The 12th Man, and I don’t mean the fat kid at school who was always sub, no, I refer of course to the crowd, the supporters, the fans, that guy with ten bellies who’s always at St James Park with his top off, come rain, shine or nuclear holocaust.

The 12th Man

It is often mooted by managers and pundits alike that the crowd can have a huge influence on proceedings on the pitch.  This is also said to be a large part of home advantage, yes having a pitch where surroundings are familiar and the canteen staff know just how you like your boiled egg and cup of char is comforting, but forty thousand partisan supporters gives you an edge, and as testament to that, there have been some very strange results this season.

Even last season when lockdown began, those nerdy Opta people were already noticing that home advantage wasn’t, well, working. So let’s delve a little deeper into this well known, but probably not so well appreciated phenomenon.  You wouldn’t have thought that having a mob suggesting loudly that the referee pleasures himself, or that he may need a trip to the opticians could affect eleven individuals so much. As a side note here VAR should negate the need for optical assistance for the officials, after all, they now get to watch any questionable incident in slow motion from six different angles… and then get it wrong!

The 12th Man

As I have alluded to in my Euro 2021 being cancelled blog, sport is the nation’s favourite pastime (I didn’t back it up then, and I don’t intend to do it now), and having supporters who are so entrenched in the success of a club they will sit in the cold and the rain and issue tribal roars of encouragement, it’s going to get the adrenaline pumping.  Remember when you were six years old and Mom and Dad were cheering you on in the egg and spoon race, and you felt like Linford Christie running the 100m in sub ten seconds, yeah that, except multiplied by forty thousand.


Of course, a supporters role is not simply to cheer when you score, boo when you concede and berate the officials, oh no, it’s much more complicated than that.  You see a supporter has a moral duty to come up with chants that take the piss out of the away team and fans… it’s the law.  It would be remiss of me not to provide some examples, so here they are:-

We’ve got Di Canio, You’ve got our stereos

West Ham fans to Liverpool fans

Your teeth are offside, your teeth are offside, Luis Suarez, your teeth are offside

Manchester United fans singing about Liverpool’s Luis Suarez.

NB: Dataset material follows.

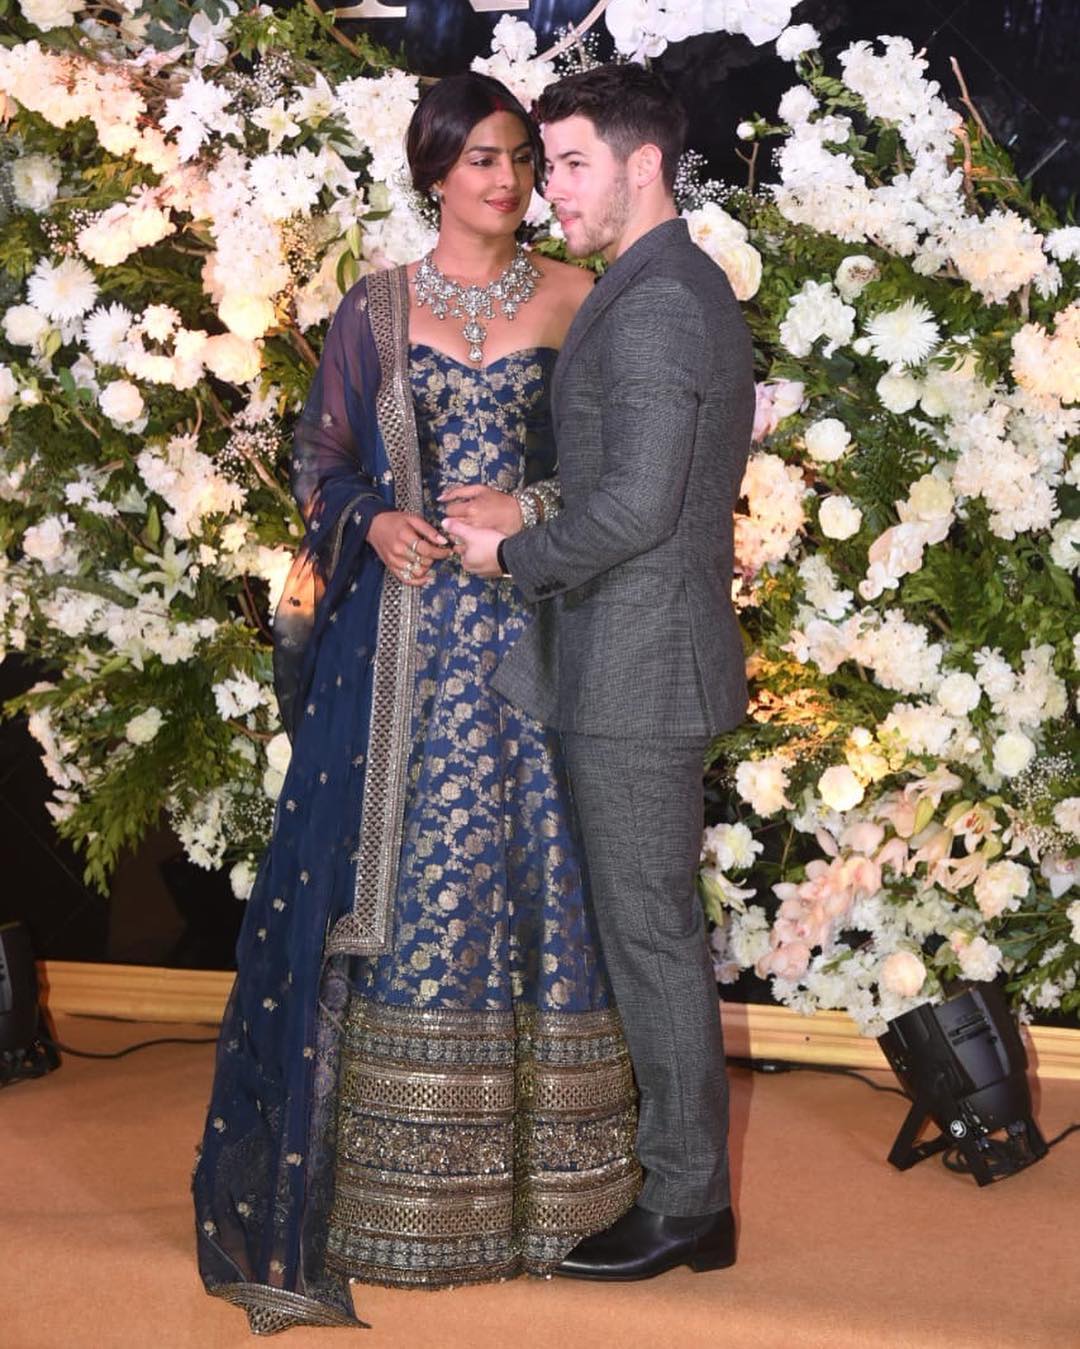 Pictures From Priyanka Chopra And Nick Jonas Mumbai Reception Are Out And The Couple Looked Stunning As Ever
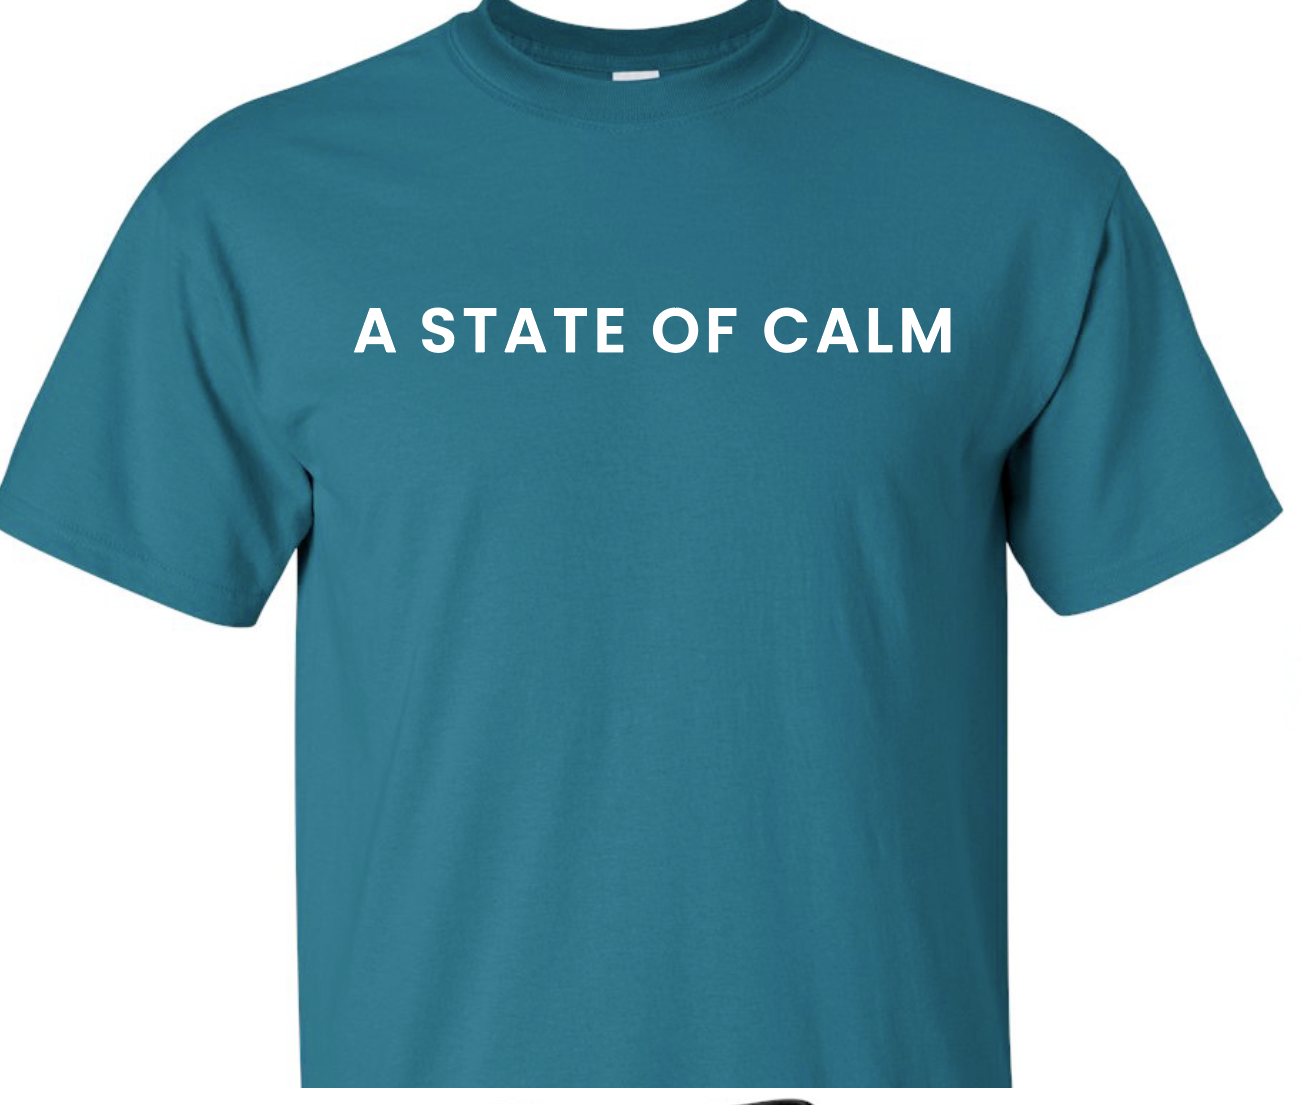 
  
  A STATE OF CALM TEES WITH WORDS ACROSS THE CHEST

And when challenged by the opposing horde, they must of course respond in kind. This particular one is to the tune of ‘Amore’

When you’re sat in row Z, and the ball hits your head, that’s Zamora, that’s Zamora
Fulham fans

When the ball hits the goal, It’s not Shearer or Cole, It’s Zamora

Brighton fans

So there you have it, empirical proof that the funniest people on the planet go to football matches.

The crowd is the most important part of football (and many other spectator sports). Without them working a double shift at ASDA (other supermarkets are available) on a grim Monday evening to earn that extra £50, so that when Saturday comes they can sit in the stadium and behave like a complete yobbo, there would be no billion-pound industry.


The prawn sandwich brigade in the corporate boxes aren’t supporters, they’re just a bunch or hooray Henry’s that like to get away from their wives and drink Grey Goose, pretending they’re better than the common folk.  It’s not true. The real supporters will be there with wives, girlfriends, kids, dogs and next door’s pet hamster if they can find a shirt that fits.  They’ll pay £8 for some watered-down lager and a pie straight out of Sweeny Todd’s oven, they don’t care.  It’s about the experience, the camaraderie, joining in the celebration when you win and blaming the ref when you lose.  For me, that’s where the real power of the 12th man resides.

I have sat in a box and watched a match, and I’ve sat in the posh seats too, and I’d swap it every time to sit in the Kop with all the other working-class people that watch because it’s their passion, not because it’s a tax write off or to impress their rotary club mates.


For my closing salvo I shall address the TV coverage without fans… it’s unreal, and I don’t mean that in the sense that it’s amazing, I mean the matches don’t seem real, with no crowd noise it’s like watching a training match.  So much so that whether I’m watching on Sky, BT Sport or Amazon (again see my other blog for details, I don’t pay for all of them!) I have to make sure I turn on the artificial crowd noise.  The emotions of the faithful are so intrinsic to the whole package, without them it’s sterile, it’s just lacking something.  Although I must admit the quality of the artificial noise varies, especially when there’s a goal, there’s no build-up of noise, just background chatter, then suddenly a roar of delight.  It’s akin to the sound effects on Kick Off 2 on the Amiga, there was life before FIFA 21 on your shiny new PS5 y’know.